# Calaveras-Choke Report



## Hill Country Fishin (Mar 6, 2007)

Fished both lakes this week, most fishing on Choke.
Fishing was good to excllent on both deep and shallow.
Wednesday fish with repaet guest Joh Levi and had a blast with ol' sergeant major.
Good times.
John with his 25 








Wnet out with fellow guide and good friend David Crews and some boys from his hometown for a 2 hr fishing trip..dunno how many we caught but told the boys I'd post it up on the forum for em'. Had a good time.









Thursday I got to fish for bit with good firend and partner in crime and TFF celebrity Uncle Jess....had a good time ribbing and fishing and got us some fish for the freezer.








Friday Chuck & Tom Dewey. We had a blast catching blues with slip corks the entire day moving around. Got off the lake around 1200 with 50 fish. 
















Saturday- Calaveras - Marcos & son Nick
Had a great time watching father son work 50 fish into the baot by noon. Good times.








Sunday- Calaveras- Issac,Micheal and dad's. Did alot of boat riding for the boys and some fishing inbetween...lol..good morning and left the lake with 33 fish for the morning to fry up for Michaels b day.








It's about that time of year for night fishing, can fish most any night on braunig or calaveras.Lotta fun watching those lighted corks go under. Give me a call and find out what it's all about...Tight lines
Cliff


----------



## Hill Country Fishin (Mar 6, 2007)

Sunday-Calaveras
Fished with Repeat guest and former Texas A&M Football stud Aldo DelaGarza and wife Leann. Had great time watching them work fish into the boat and enjoyed watching Leann catch her first catfish. 50 fish limit before the sun got too high.

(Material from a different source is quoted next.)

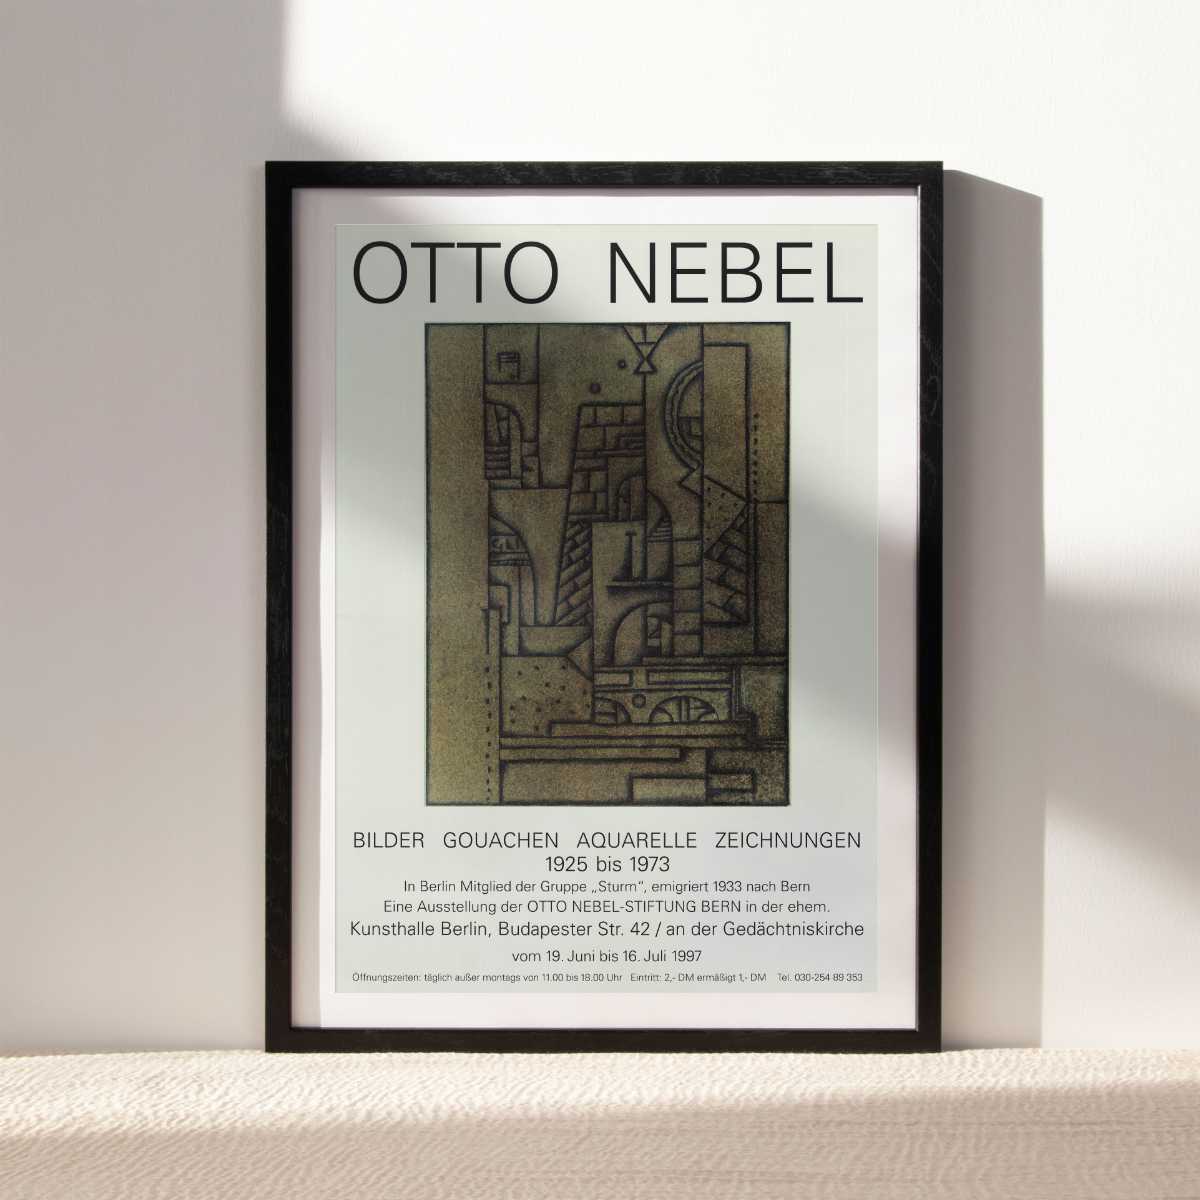 Otto Nebel - Bilder, Gouachen, Aquarelle, Zeichnungen (1925-1973), Otto-Nebel-Stiftung Bern, 1997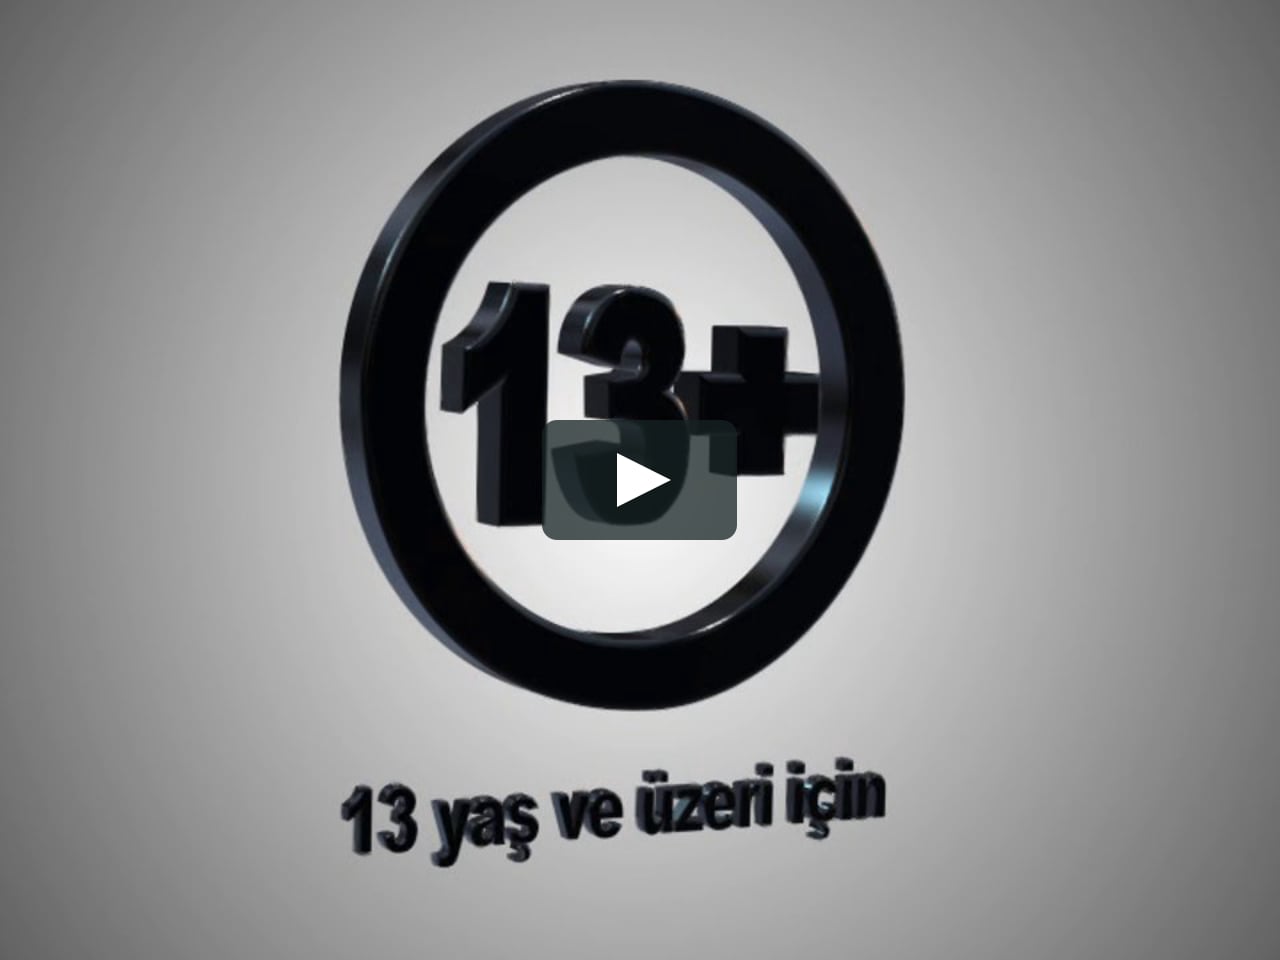 Akilli Isaretler 13 Yas 3d Hd On Vimeo

Choke- Matt,Sharon & Charmaine Cestahowa,Tx
Charmaine visiting from Georgia to see the folks. What better way to spend time than fishing. Ended the day with 75 fish for our efforts with most of the fish coming from 4-5 ft of water.








Majority of the fish are still coming shallow and on Marv's Cheese Bait. 
Glad the winds laid down enough to get on and off the water this weekend.
Tight lines
Cliff


----------



## obiewan57 (Sep 14, 2005)

Way to go Cliff, good fishing and good fun

Where did Uncle Jess get that cap he is wearing, he he he
Fishing with Jess always a fun time.


----------



## Hill Country Fishin (Mar 6, 2007)

Obie, I know..lol. Jess is as good as they come. PLus he keeps me on my toes....not to mention the chronic side pains I get. 
Hell of fishermen and proud to call him a friend.
Thanks Obie
Cliff


----------



## Hill Country Fishin (Mar 6, 2007)

First night trip of the season..Calaveras
Chuck & Mark joined me thrusday evening..
Fishing was hot at first stop and we moved around a bit after the wind picked up. Got pretty choppy but fish still ate the same.Fishing shallow with marvs cheese bait
Hd a great time and was fun watching those bobbers go under at night.50 fish limit by 1000pm Thanks Gents








Friday afternoon fished with 6 year old Hondo for hsi b-day with grandpa and joe. Ended the afternoon with 43 fish for the fry and Hondo was a blast to fish with and kept me on my toes with questions..too fun.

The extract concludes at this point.